Alors que les bénéfices tirés par les endosymbiotes ont systématiquement été étudiés, les possibles bénéfices tirés par l’hôte amibien restent à ce jour très peu étudiés. De récents travaux se sont intéressés à ce dernier point, permettant d’entrevoir de possibles bénéfices directement liés à une association endosymbiotique. En effet, il apparaît que des souches d’Acanthamoeba sp. portant l’endosymbiote Neochlamydia sp. S13 sont non permissives à l’infection par Legionella pneumophila (Ishida et al., 2014). Ainsi, l’association décrite représenterait un exemple de mutualisme, où l’endosymbiote bénéficie d’un foyer de prolifération, tandis que l’hôte se trouve protégé d’une infection par des pathogènes. Il est probable que de telles associations soient fréquentes dans l’environnement, puisque des travaux préliminaires ont pu estimer qu’environ 25% des amibes libres isolées de l’environnement portent des endosymbiotes (Fritsche et al., 1993).

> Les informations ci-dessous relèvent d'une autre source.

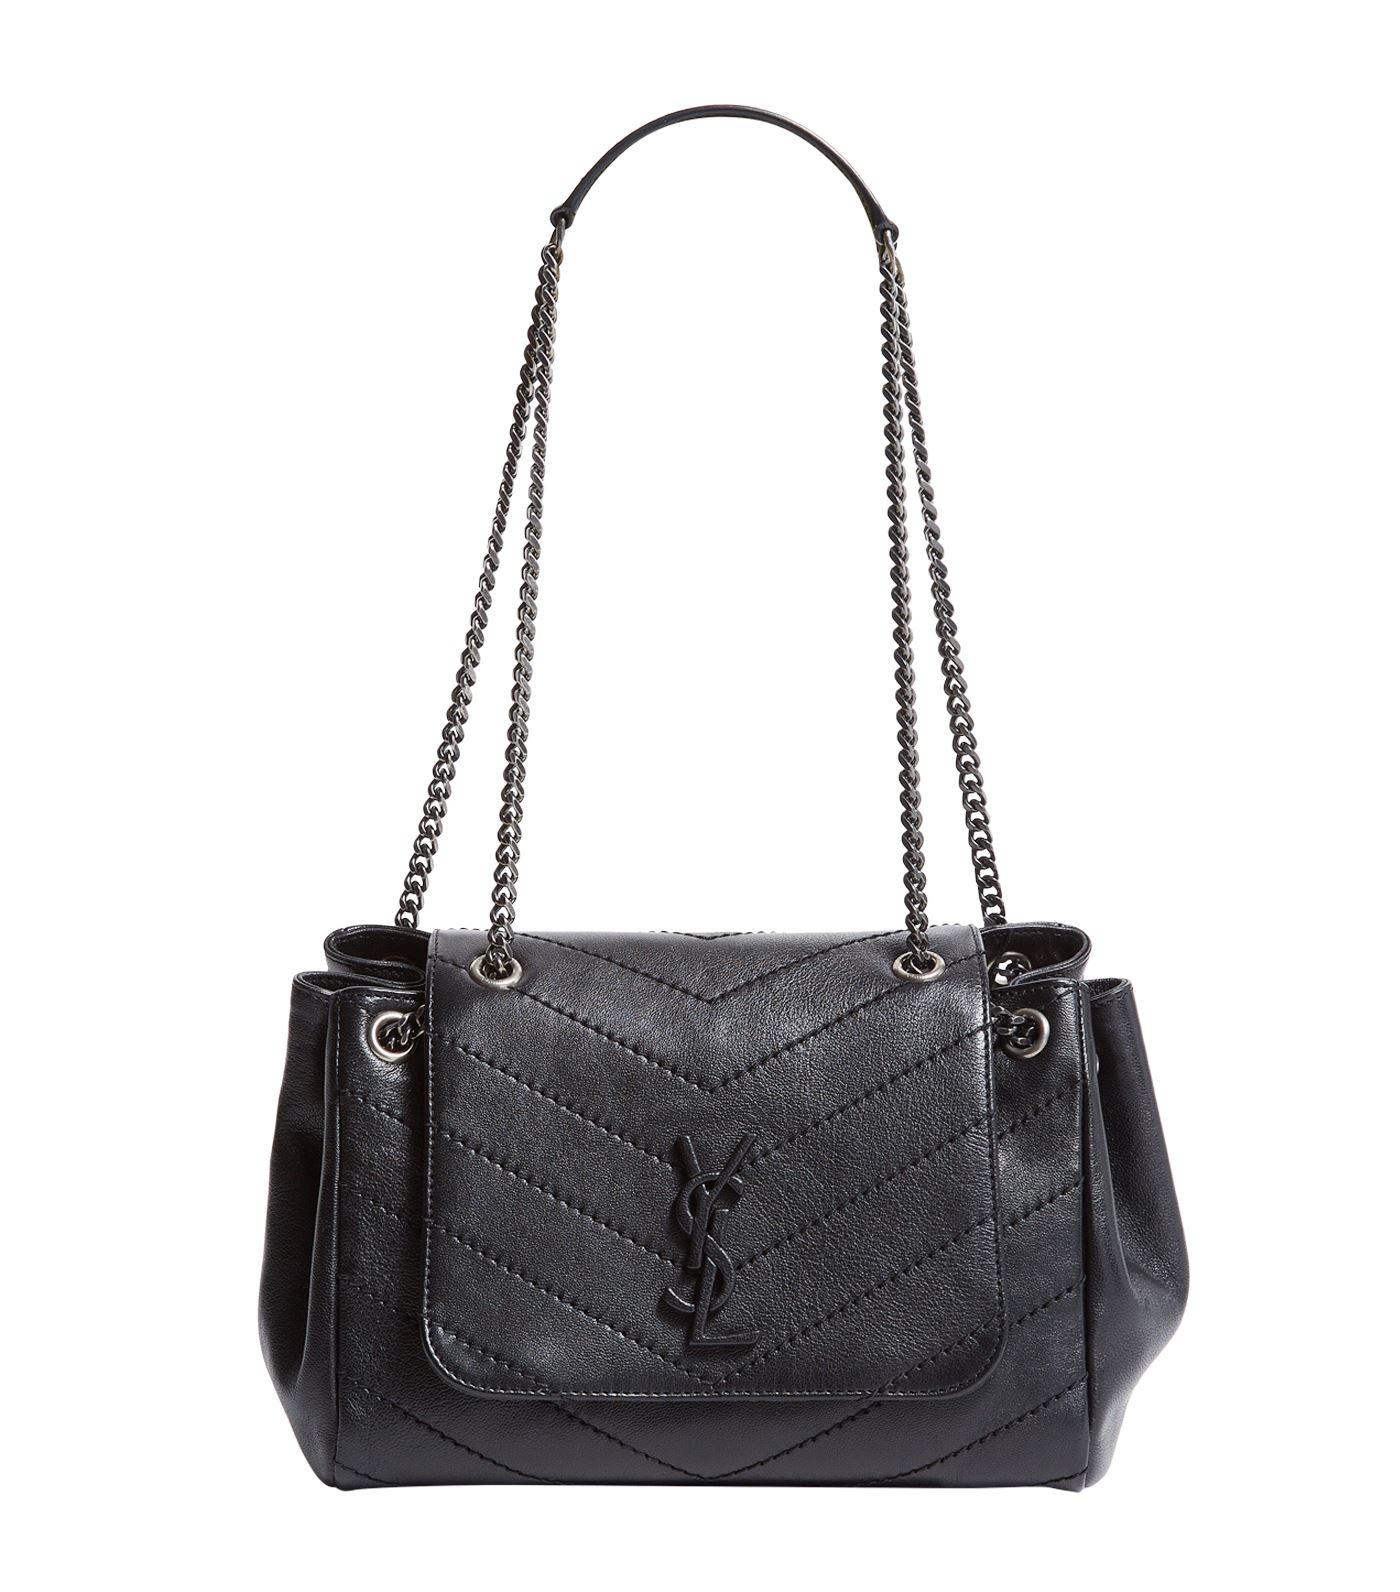 Saint Laurent Small Leather Nolita Shoulder Bag in Black - Save 1% - Lyst

IV.1.1.3 Rôle des amibes libres dans l’écologie de la matière noire microbienne ?

La matière noire microbienne désigne un ensemble conséquent de phyla bactériens non cultivables décrits uniquement sur la base de leurs séquences d’ADN lors d’études métagénomiques (Marcy et al., 2007). En effet, sur les 60 phyla bactériens identifiés à ce jour, environ la moitié ne comportent aucun représentant cultivable (Rappé and Giovannoni, 2003; Rinke et al., 2013). Une des hypothèses visant à expliquer le caractère non cultivable de ces bactéries est leur possible dépendance vis à vis d’autres (micro)organismes pour leur croissance (Puspita et al., 2012; Brown et al., 2015; Luef et al., 2015). Récemment, les avancées technologiques permettant le séquençage à très haut débit à partir de cellule unique (Single Cell Metagenomic) ont permis de caractériser le génome presque intégral d’un isolat affilié au phylum TM6 (McLean et al., 2013). Ces informations ont permis de suggérer que cette bactérie vivrait en symbiose avec un hôte eucaryote comme les amibes libres. En plus de ces données génomiques, un autre représentant de ce même phylum TM6 a pu être isolé d’une tour aéroréfrigérante, en utilisant une technique de co-culture basée sur l’infection d’Acanthamoeba castellanii (Pagnier et al., 2015). Cet isolat, nommé Babela massilliensis, est capable de proliférer au sein de cette amibe libre, induisant une lyse rapide et massive en 70h (Pagnier et al., 2015). L’ensemble de ces données semble suggérer de possibles associations environnementales entre les amibes libres et des représentants de la matière noire microbienne, notamment les bactéries du phylum TM6.